▶ **Prompt**: Produce a verbatim transcript of the entries below, excluding pictures.

*** Opening Source data ***

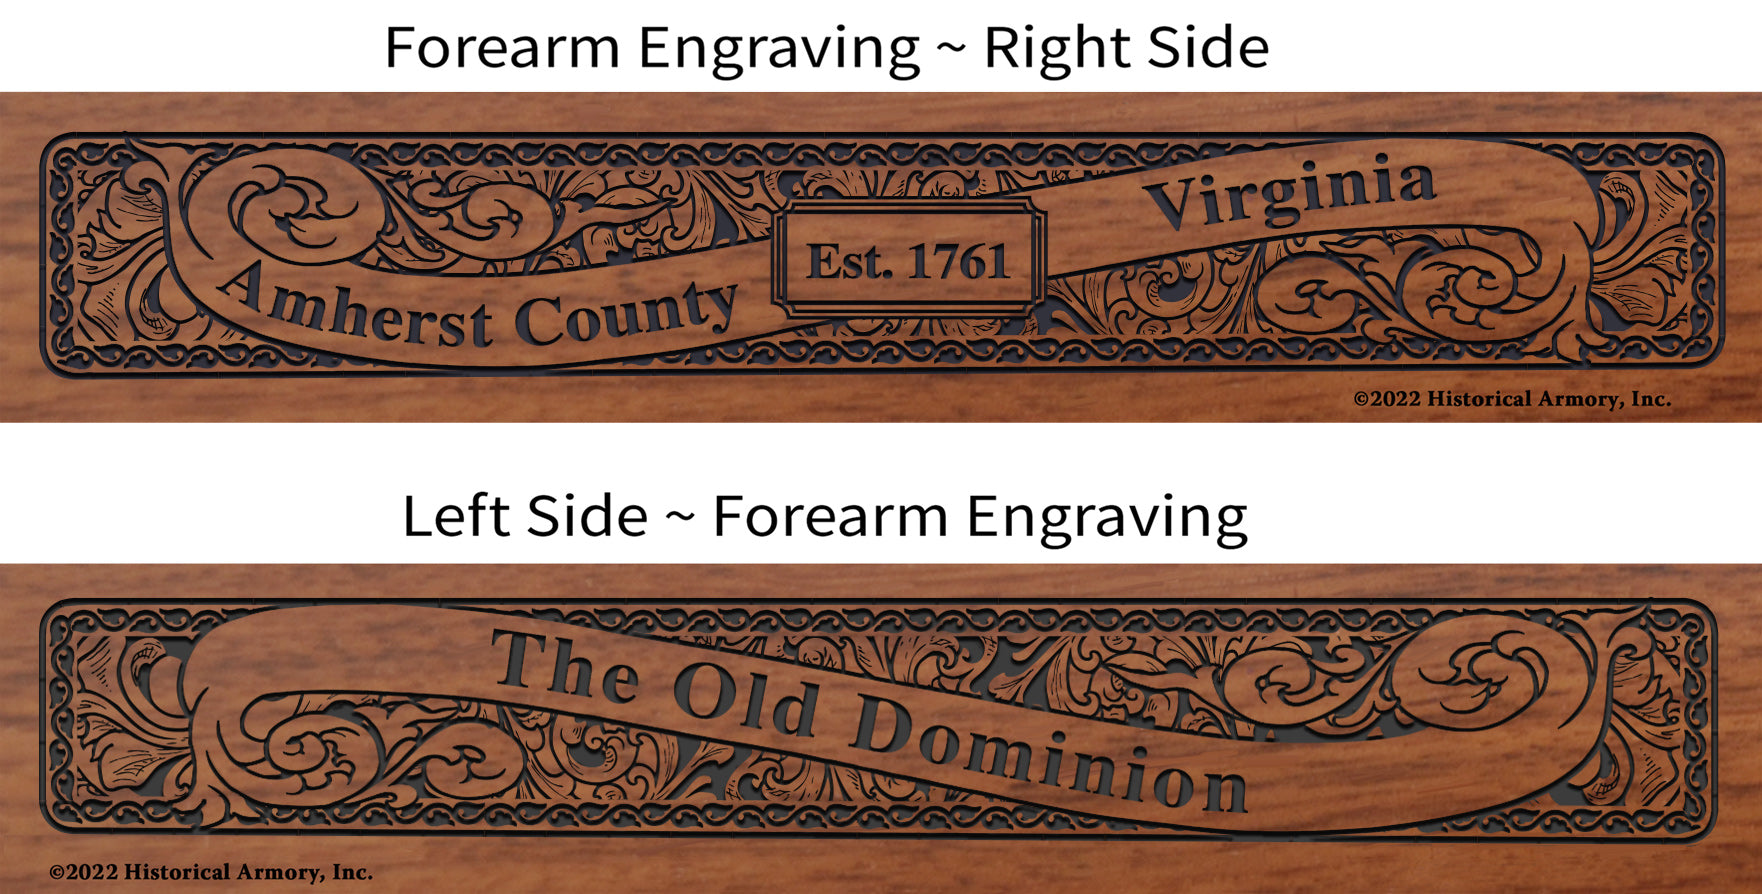 Amherst County Virginia Engraved Rifle Forearm
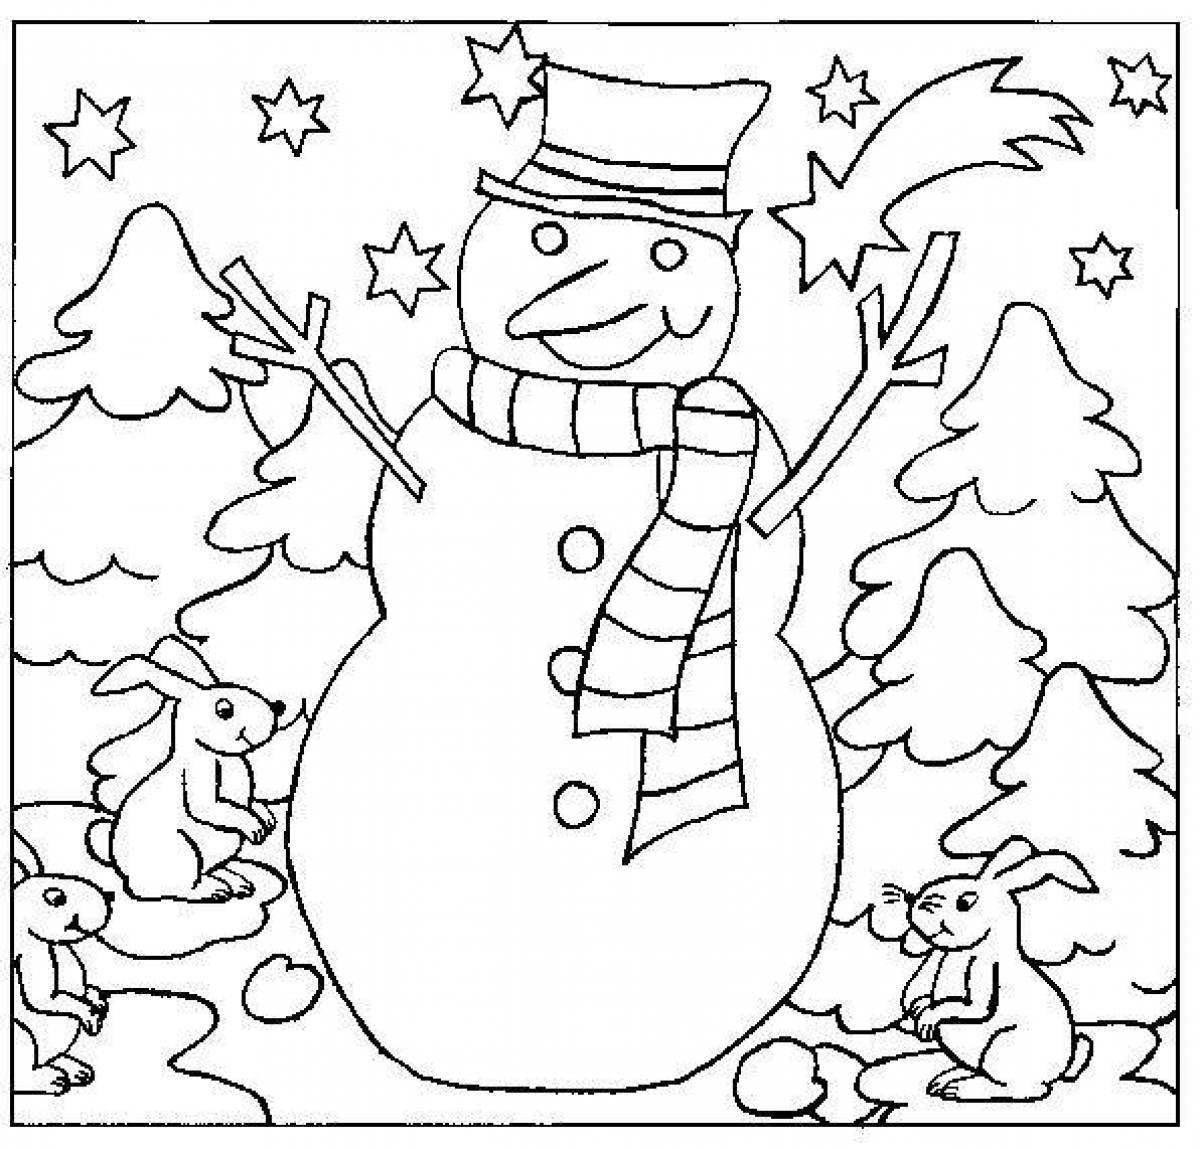 Coloring book magical tree and snowman
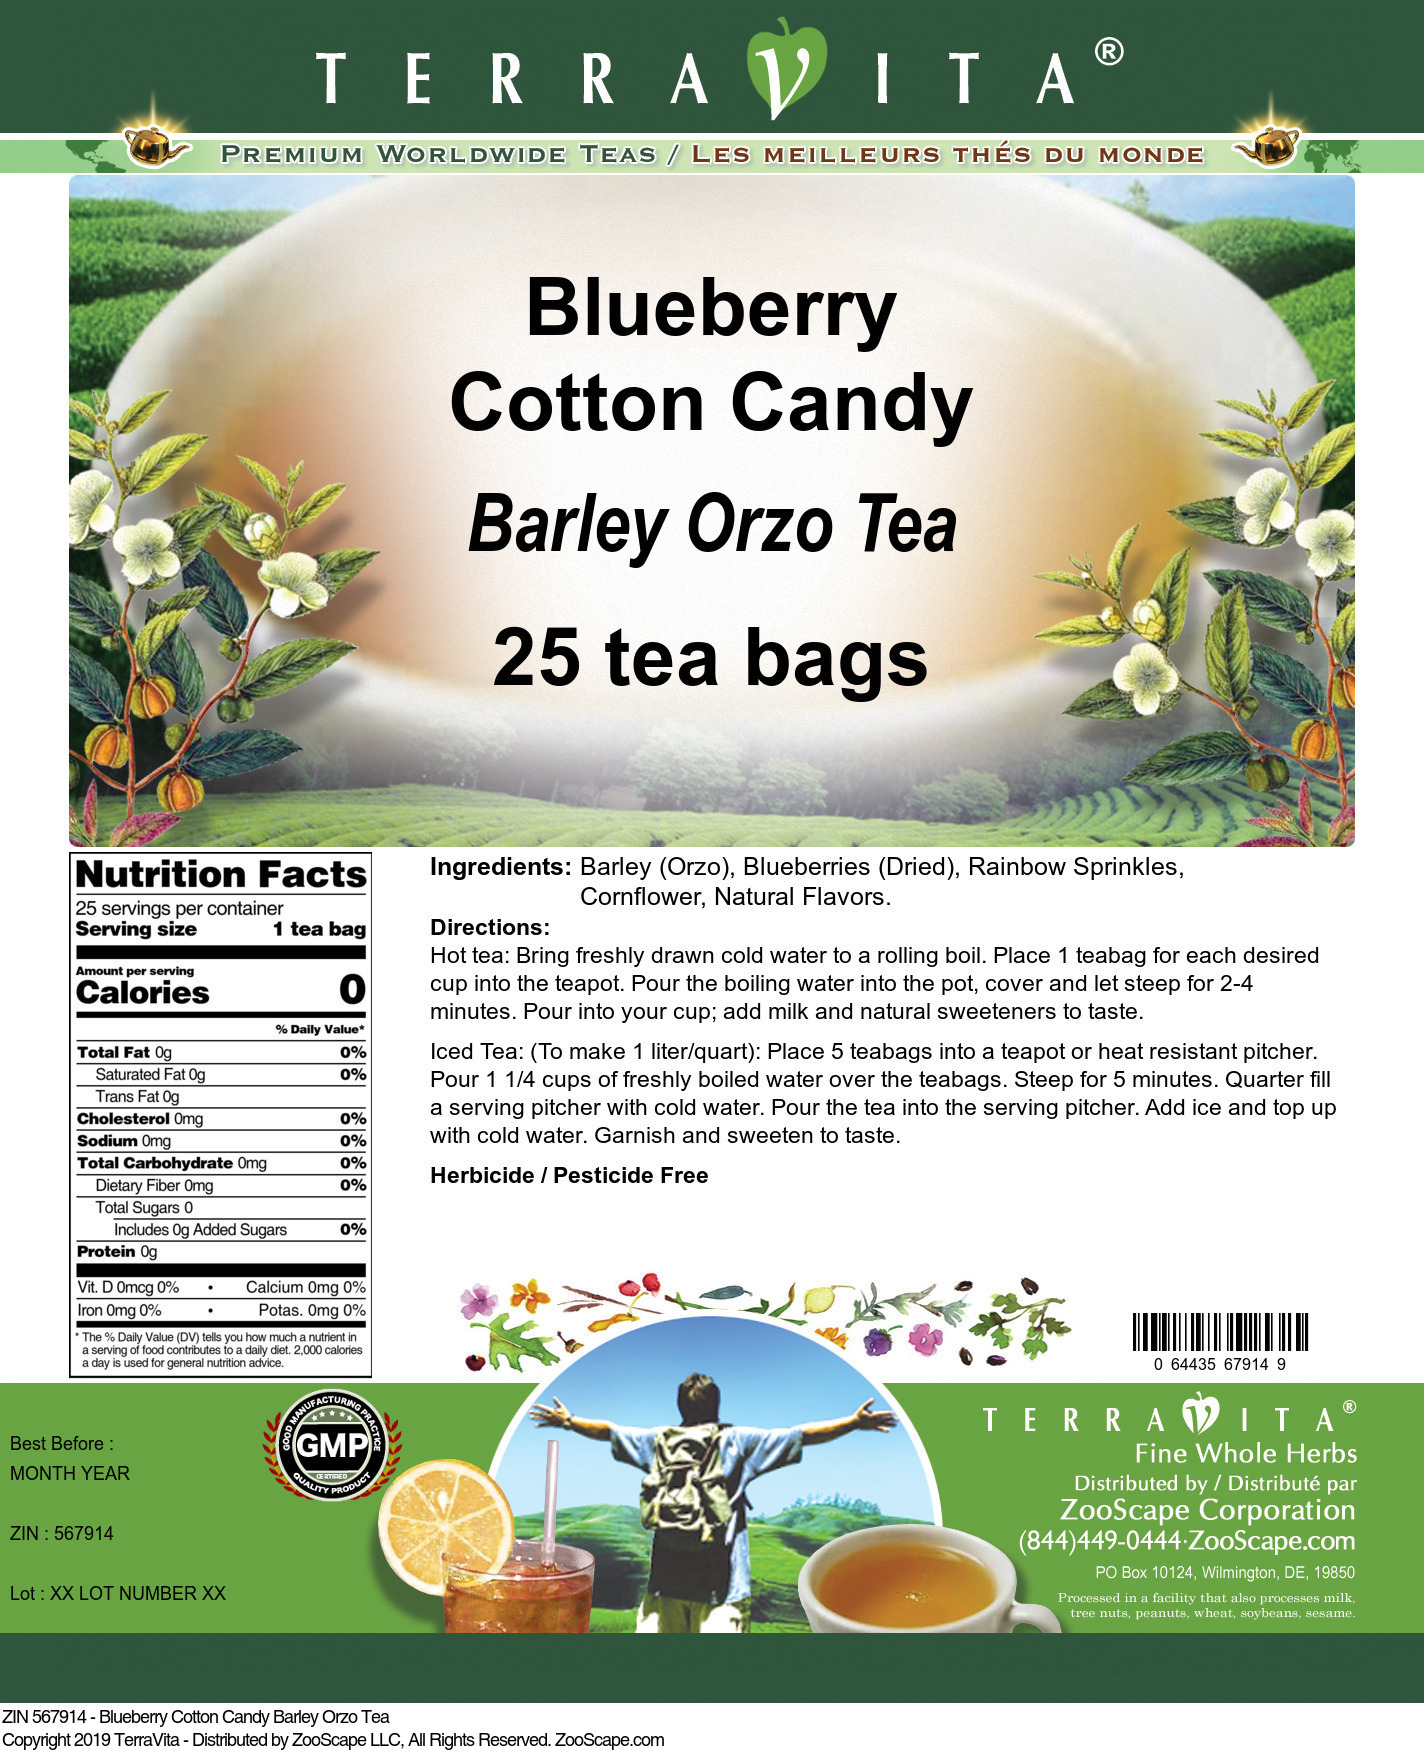 Blueberry Cotton Candy Barley Orzo Tea - Label
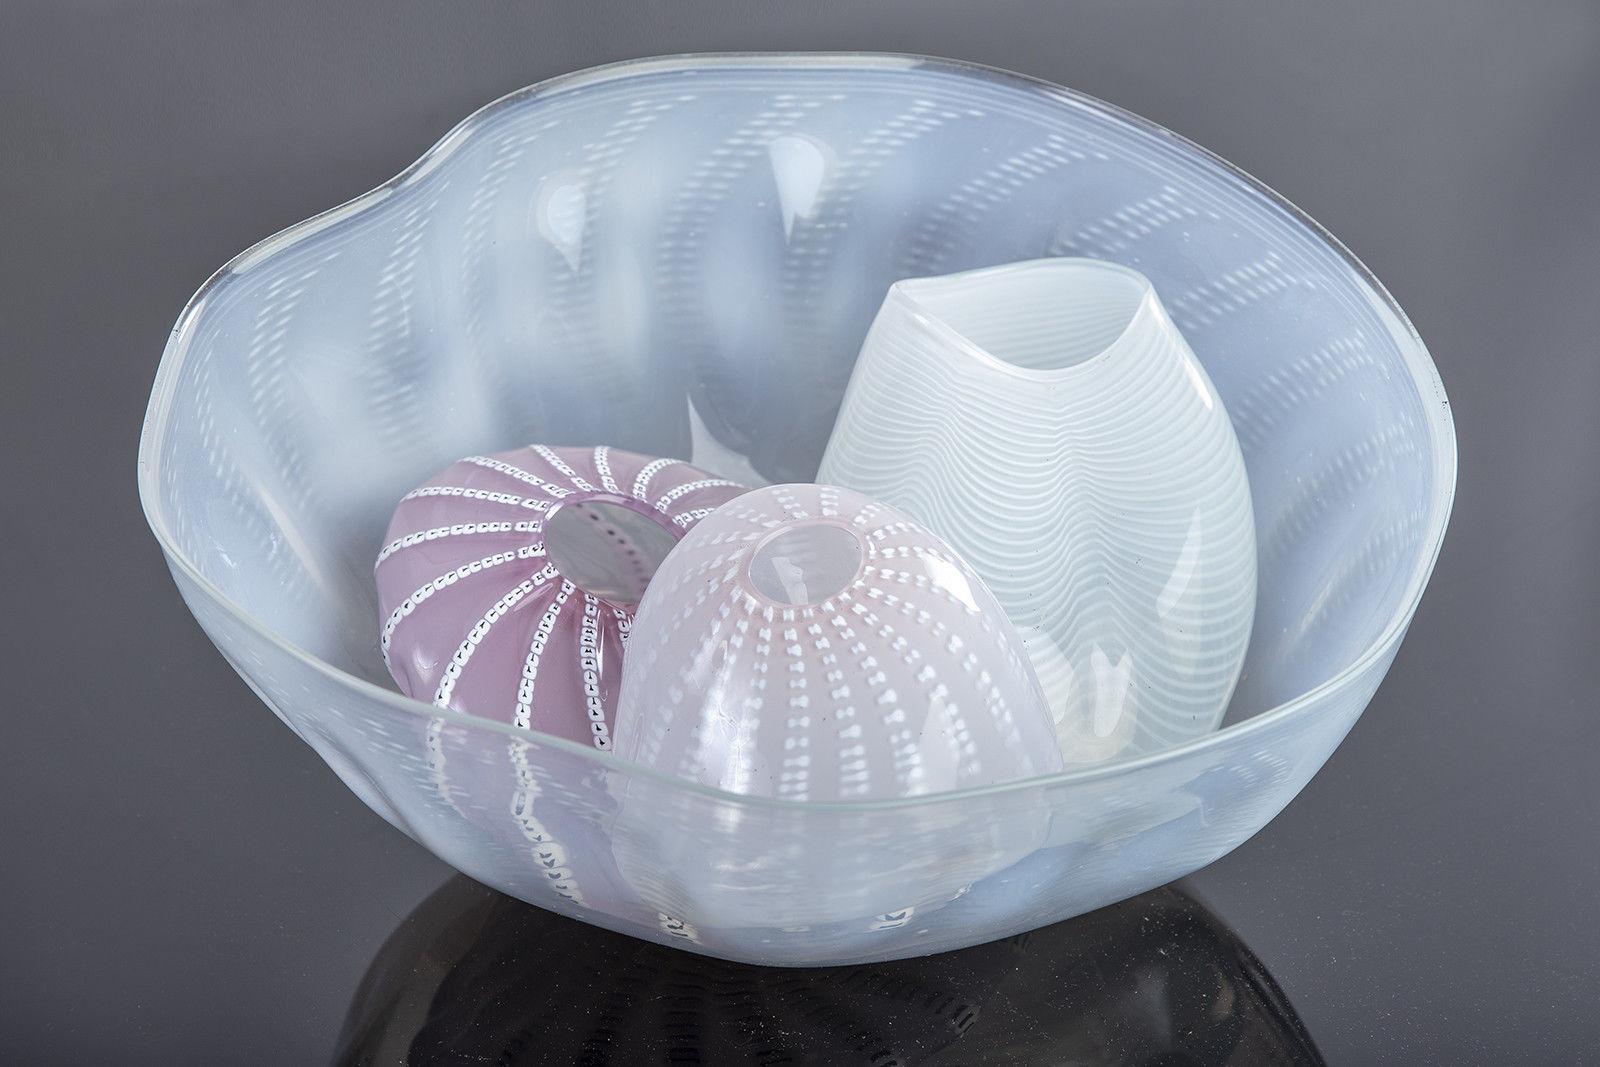 Artist: Dale Chihuly
Medium: Hand Blown Glass
Size: Largest 8" x 15 3/4"
Year: 1980
Signed: Inscribed by the Artist and Dated
Condition: Museum Quality Condition
Provenance: Gallery COA

Inspired by Northwest Coast Indian baskets he sees at the
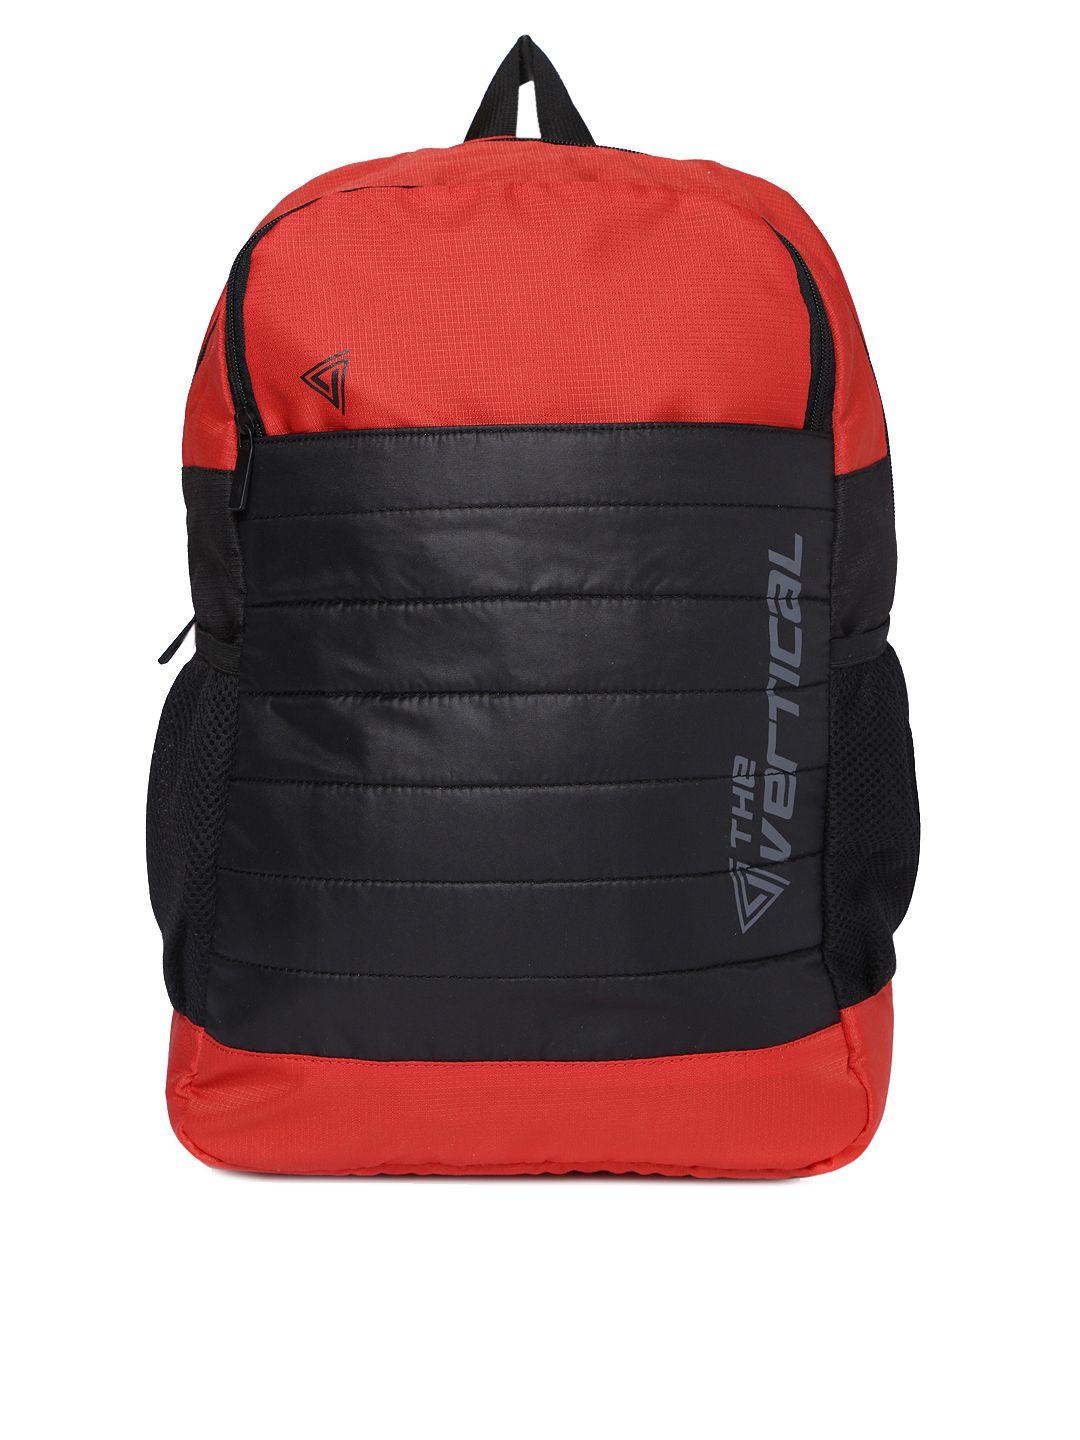 the vertical unisex red & black laptop backpack

*** Closing Source data ***

▶ **Your response**:
 Amherst County Virginia Engraved Rifle Forearm
 Coloring book magical tree and snowman
 Blueberry Cotton Candy Barley Orzo Tea - Label
 Artist: Dale Chihuly
Medium: Hand Blown Glass
Size: Largest 8" x 15 3/4"
Year: 1980
Signed: Inscribed by the Artist and Dated
Condition: Museum Quality Condition
Provenance: Gallery COA

Inspired by Northwest Coast Indian baskets he sees at the
 the vertical unisex red & black laptop backpack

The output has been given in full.